Risk and Limitations

  1. False Signals: Swing highs and lows might produce false signals, especially in volatile or thinly traded markets.
  2. Lagging Indicator: Swing highs and lows are often lagging indicators, meaning they are identified only after the market has moved.
  3. Market Conditions: The efficiency of this strategy can vary with different market conditions. It works well in trending markets but can be less effective in ranging markets.

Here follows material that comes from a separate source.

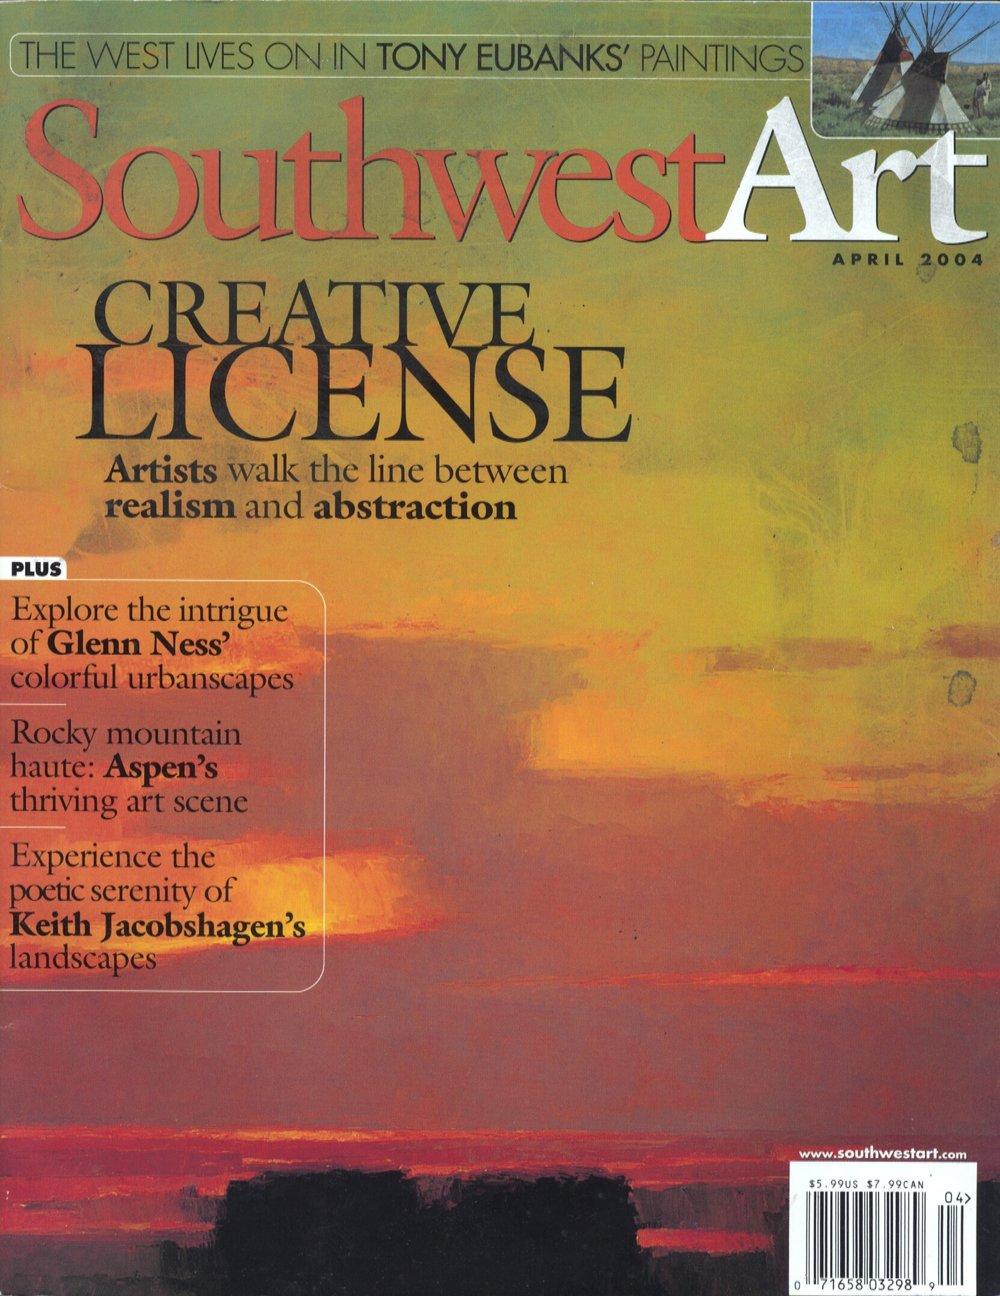 Scan-Mccaw Mag 26 copy 3.jpg

Case Study: Real-World Application

Some trading firms specialize in algorithmic strategies based on swing highs and lows. One notable company is Two Sigma, a firm that applies machine learning and artificial intelligence in trading strategies. While specifics are proprietary, firms like Two Sigma use swing points as a component of larger, more complex trading algorithms.

Conclusion

Swing highs and lows are invaluable tools in the arsenal of many algorithmic traders. These markers help define potential reversal points and establish market entry and exit strategies. While they have limitations and risks, combining them with other technical indicators and sound risk management principles can lead to the development of robust trading algorithms. Leveraging these techniques can thus provide considerable advantages in the competitive sphere of algorithmic trading.